Doctors from four European hospitals analysed data from patients who had been admitted to their emergency departments with suspected pulmonary embolism. The diagnosis was confirmed in 416 (24%) of  the 1721 patients after sequential diagnostic investigations and a three month follow-up. They derived D-dimer cut-off values that increased linearly from the age of 50, and then validated them retrospectively against data from a total of more than 3000 patients who had been clinically assessed to have a low probability of pulmonary embolism. The results, published in the BMJ on 30 March 2010, showed that the diagnosis could have been safely ruled out in between 25 and 30% of older low risk patients. The authors said that a prospective trial to validate age-adjusted cut-offs was needed before clinical implementation.
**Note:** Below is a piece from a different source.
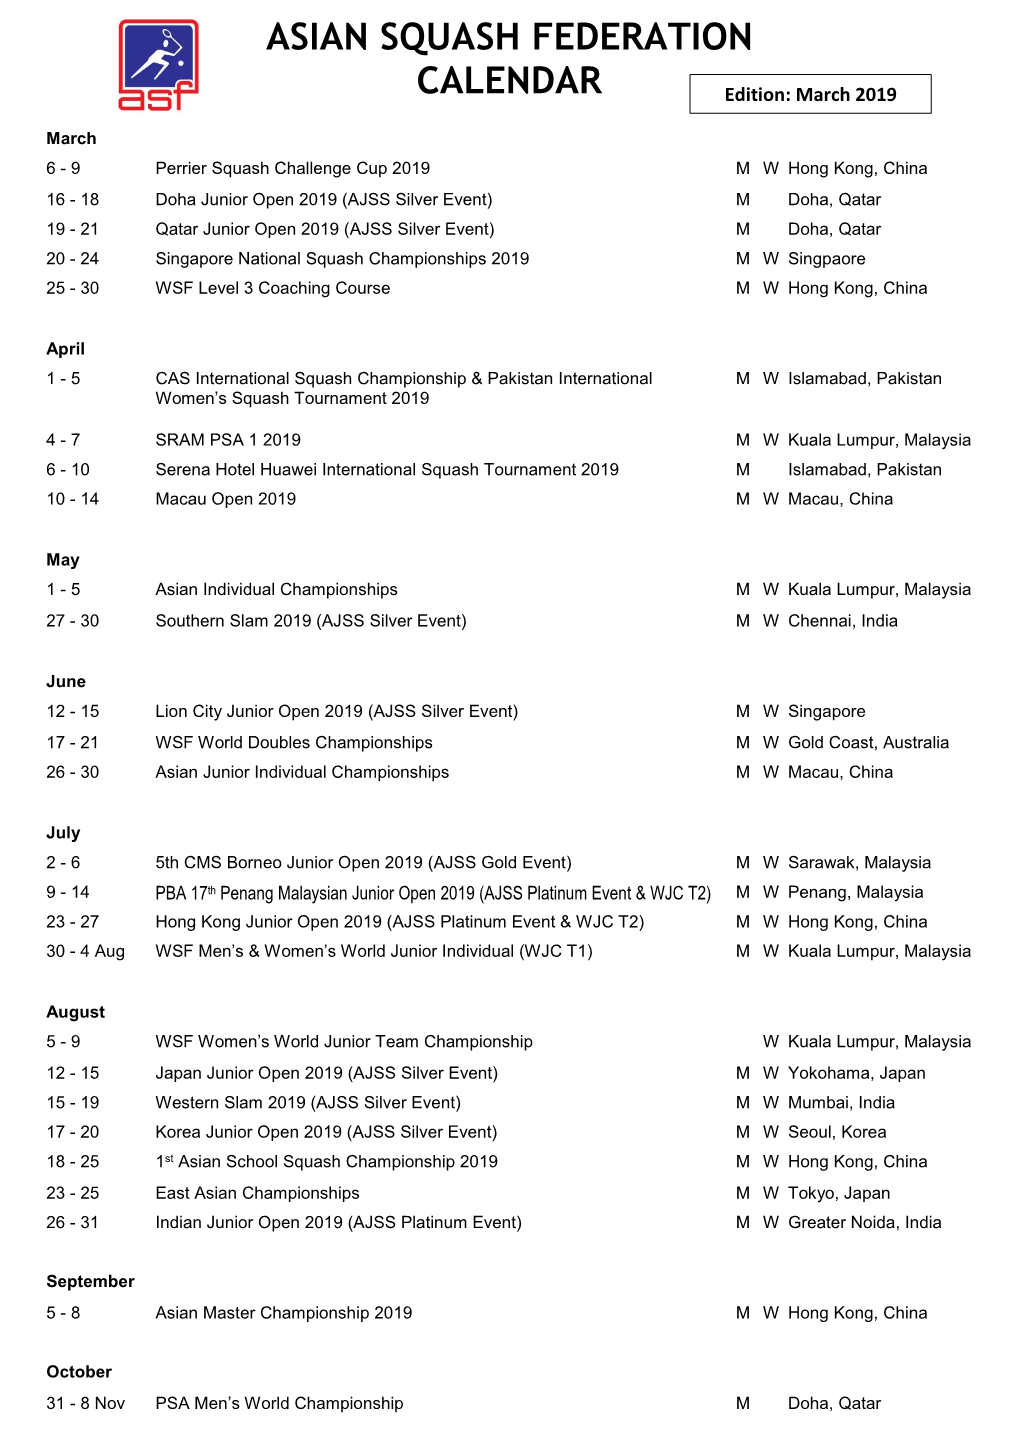 Asian Squash Federation Calendar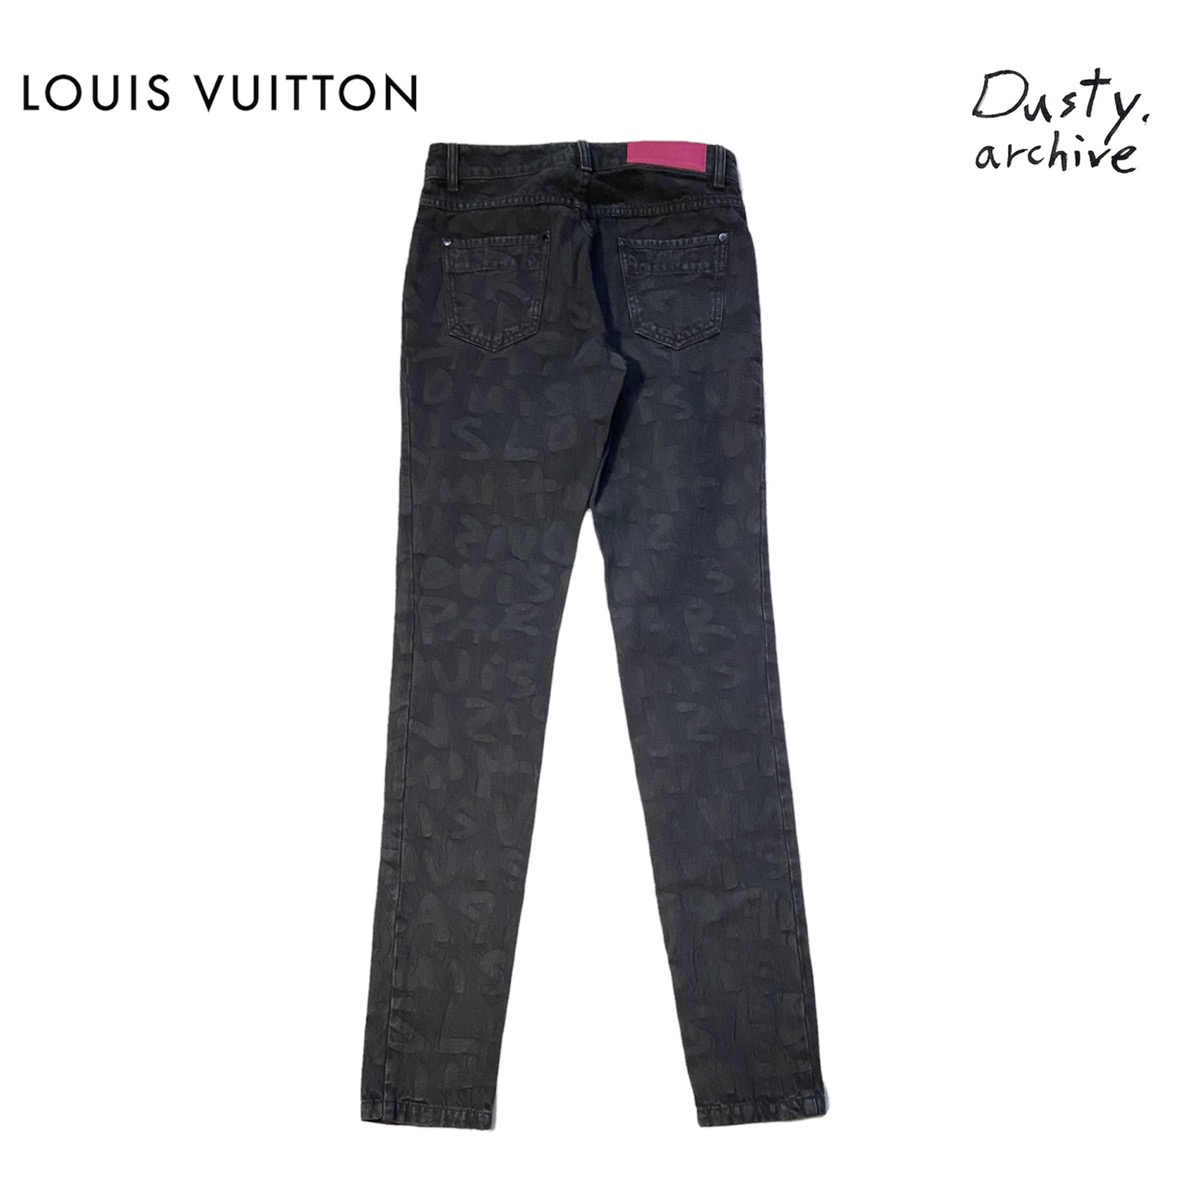 Louis Vuitton, Jeans, Louis Vuitton Stephen Sprouse Black Graffiti Logo  Jeans

Between 2010 and 2013 a prospective trial was carried out on 3346 patients presenting to 19 emergency departments in Belgium, France, the Netherlands and Switzerland. Those with  D-dimer values below the age-adjusted cut-off did not  undergo computed tomography or receive anticoagulant treatment. Success or failure of the strategy was assessed after three months follow-up with a patient questionnaire by telephone interview, contact with the general practitioner and case note review of those readmitted to hospital. All suspect events of thrombosis were adjudicated by three independent experts. The results of the trial were  reported in the Journal of the American Medical Association on 19 March 2014. In 673 patients aged over 75 with a low clinical probability of pulmonary embolism, the fixed cut-off  ruled out pulmonary embolism in only 43 (6.4%) while an age-adjusted cut-off ruled out 200 (29.7%) with no false negative results.